*BEAST issues
rvosa opened this issue · 5 comments
There are some issues with the *BEAST implementation:
- it appears that we actually never have clade alignments with multiple sequences per species. This defeats the purpose of the multispecies, multilocus coalescent. A possible way to address this is to add, e.g. as an option, that during
smrt clademerge
for each merged sequence we look for up to X similar sequences (i.e. same species, same seed gi) and profile align those against the existing clade alignment. - there should be an option
smrt cladeinfer --append
, which appends log files and tree files to a previously existing run, so that users can raise ESS incrementally. Two things to keep in mind here: i) check to make sure that the translation tables in tree files are identically sorted so that the tree descriptions can be appended verbatim to the existing nexus file ii) burnin is properly removed before appending.

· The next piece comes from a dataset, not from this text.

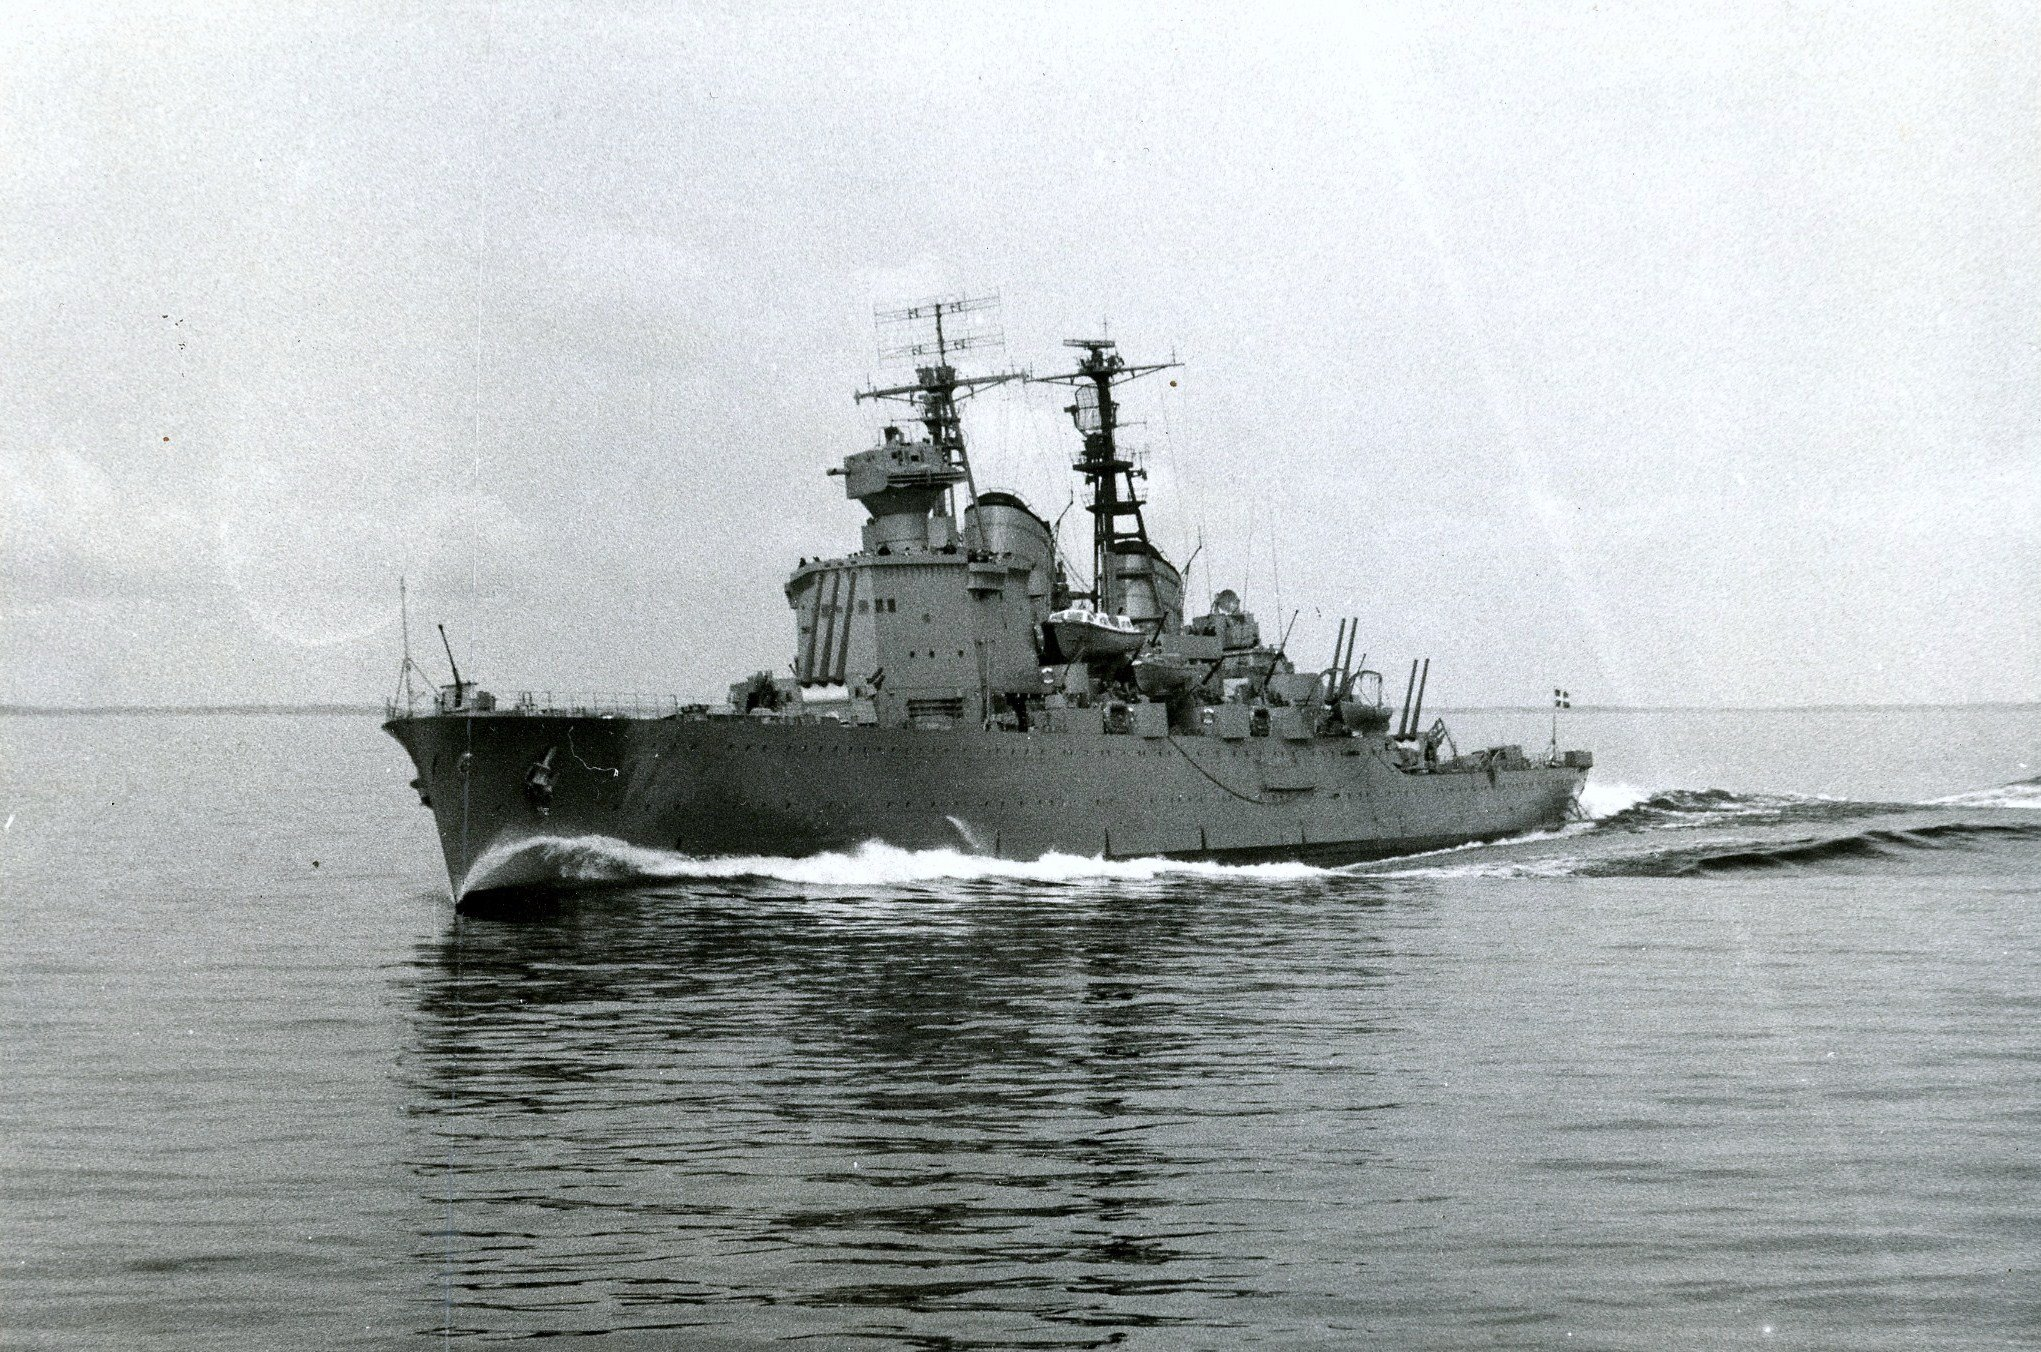 HMS Tre Kronor in 1954.jpg.275f42d2cd75c649506e74e7e40d1673 - LINE PROPOSAL: Pan-European Light Cruisers.

We set sortTranslationTable="true"
in the BEAST xml, which means we should be able to append tree descriptions verbatim.
--append
makes the next available suffix for the *.nex and *.log files (e.g. *.nex.1). At the end of the run the additional tree results are appended to the stem file sans --burnin
.
The problem with including more haplotypes in *BEAST is that we have a separate CLADE_MAX_DISTANCE setting, so we can't re-use the results from smrt orthologize
, because these are filtered using BACKBONE_MAX_DISTANCE. We basically need to redo the orthologize, which is why most of its functionality has been moved to SequenceGetter, as of e1f4973
Perhaps the easiest way to do this is to implement something like smrt clademerge --enrich
, which adds up to CLADE_HAPLOTYPES (e.g. 3) similar sequences to each species while verifying that CLADE_MAX_DISTANCE is not exceeded.